The last post

Lizzie Gamble as a young girl.
Lizzie Gamble as a young girl.
In pre-antibiotic days, Tb patients were sometimes sent to sanatoriums for rest, good food and fresh air.

Otago had two, including the Pleasant Valley Sanatorium, just south of Palmerston, which opened 100 years ago last month.

Mrs Isobel Spence, of Tainui, could not let the centenary pass without sharing the contents of 11 letters written by her aunt Lizzie Gamble - a 16-year-old patient at Pleasant Valley in the autumn and winter of 1911.

"They really, really touched me. I just thought she was a sweet, lovely girl.

"She didn't really make a big fuss about her condition. She was so sure she was going to get better."

Lizzie died from tuberculosis in the spring of 1911.

Pleasant Valley's cabins for Tb patients.
Pleasant Valley's cabins for Tb patients.
Her letters were mostly addressed to her mother and her sister Mag.

Pleasant Valley, April 4:"Dear Mag, The time seems to pass very quickly here. To think, that we have been here over four weeks. We have not been up. It seems as if we are going to stay in bed for ever.
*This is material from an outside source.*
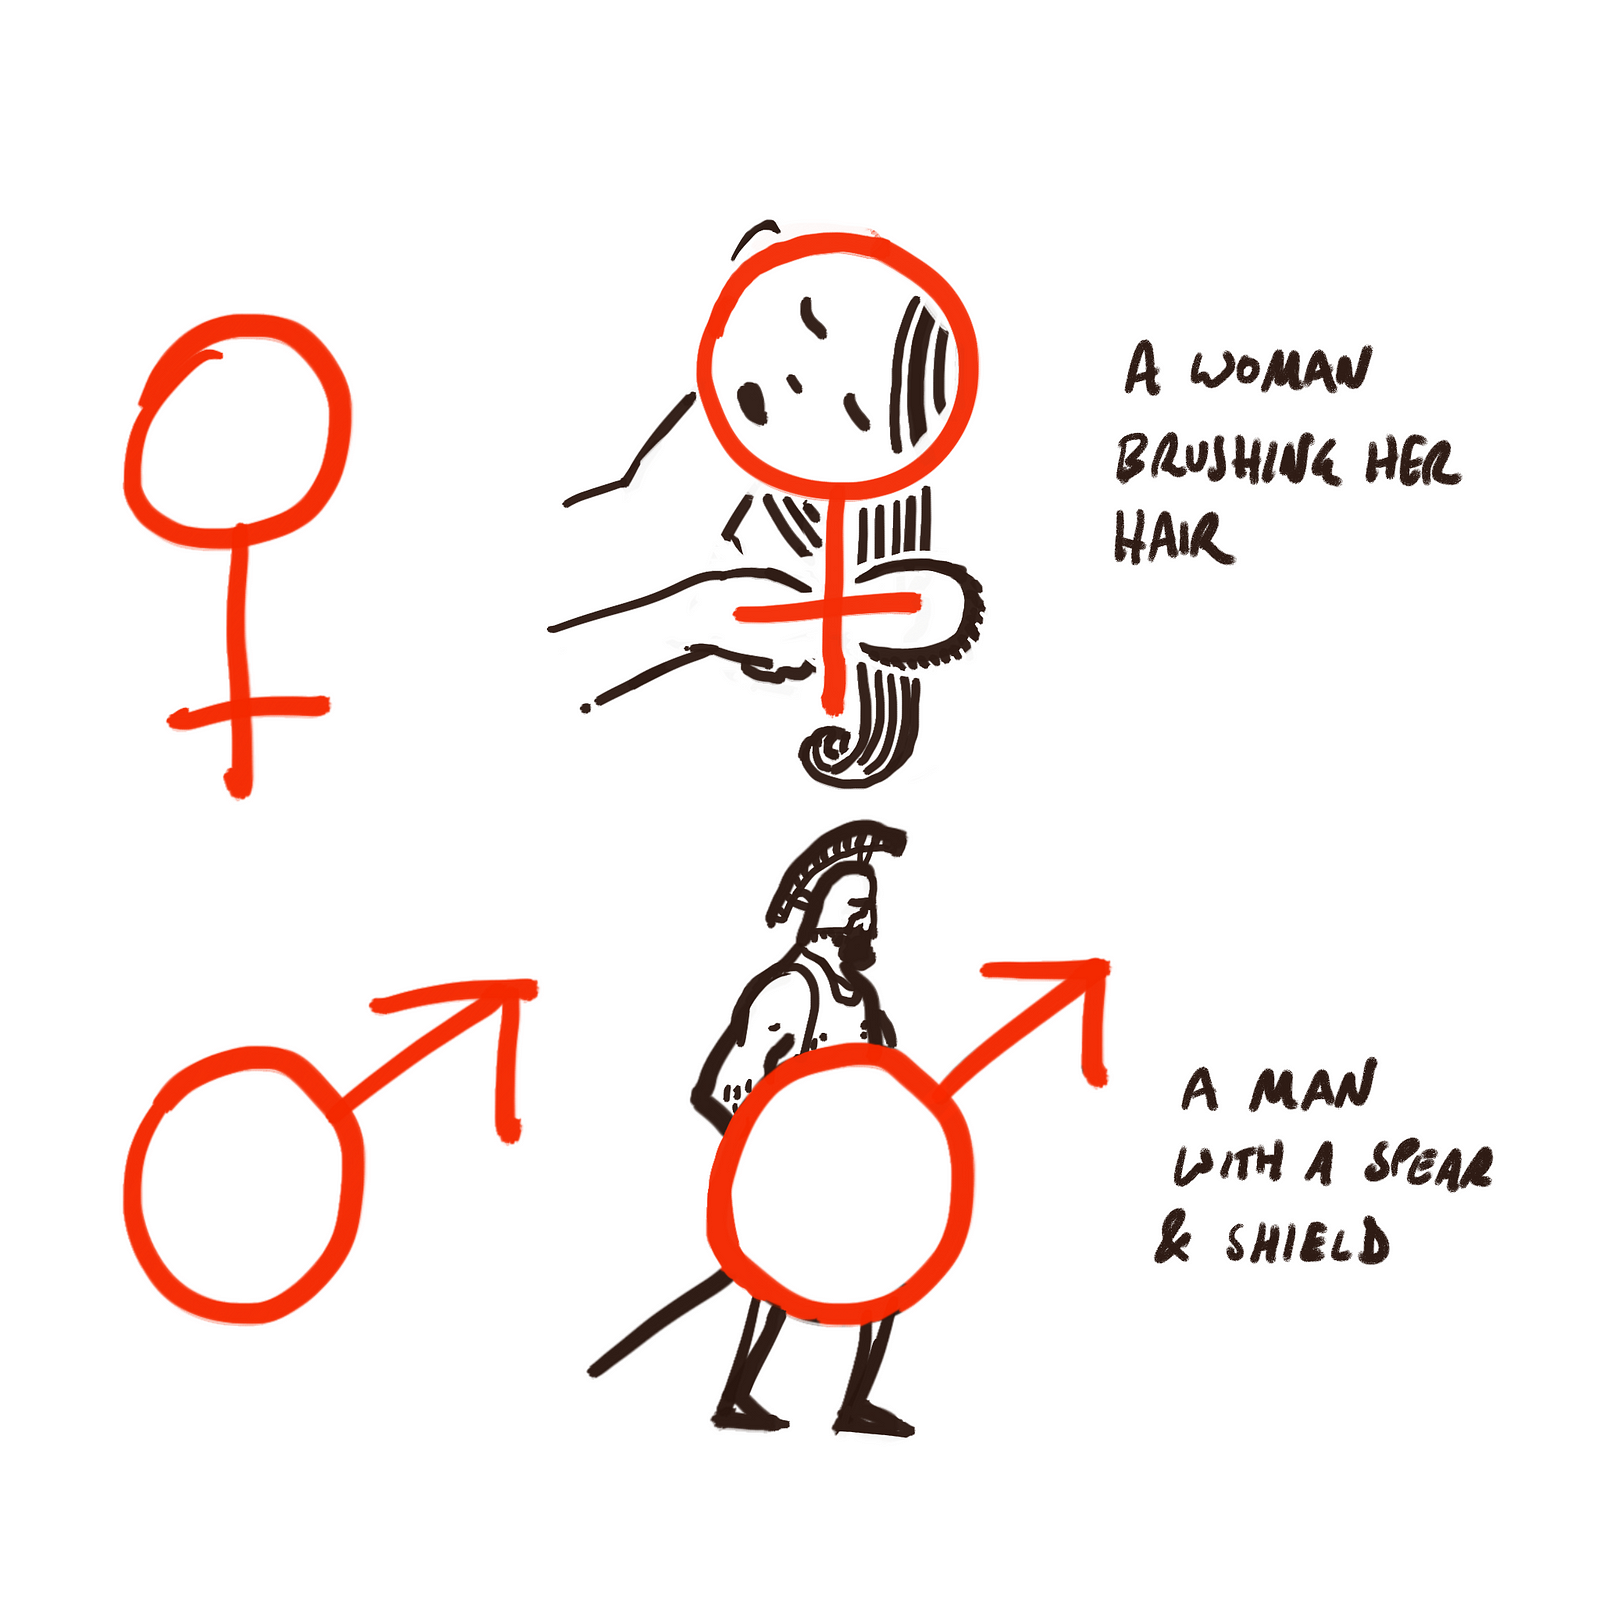 A Visual Mnemonic For Remembering The Male And Female Symbols

To think, it is six months since I first went to bed and to find myself still here at the end of that time."

The sanatorium had opened the previous year, the ODT reporting it was built "on proper lines" and was fully equipped with "all appliances which would render the life of the patients more comfortable and give them every opportunity to regain their health and strength".

A party from Dunedin attended the opening by train, listened to speeches, enjoyed an orchestral recital with lunch and took a stroll in the sunshine.

"It would be too much to hope," one speaker remarked, "that all days at this sanatorium would be so pleasant as this one ... with its warmth of sentiment and bright sunshine."

Bad weather was a continuing theme in Lizzie's letters.

Tb patients at Pleasant Valley.
Tb patients at Pleasant Valley.
April 4: "We wish it would clear up for a bit so that the ground would dry and that the clothes would dry. Last week's washing is not dry yet so I don't know when we will have clean clothes ..."

April 23: "We have had terrible weather the past few days. The rain beating in the doors. They have never had the doors closed since they came here.

"My word, I don't think I will be afraid of catching cold after I leave here, lying out on the veranda these bitter days, with the wind and the rain driving everywhere."

The 1909 Household Companion: The Family Doctor noted that for the treatment of Tb "so far as possible" air should never be "rebreathed".

"Air which has once been breathed is deprived of some of its oxygen and what is still more objectionable is loaded with some of the poisons given off by the body.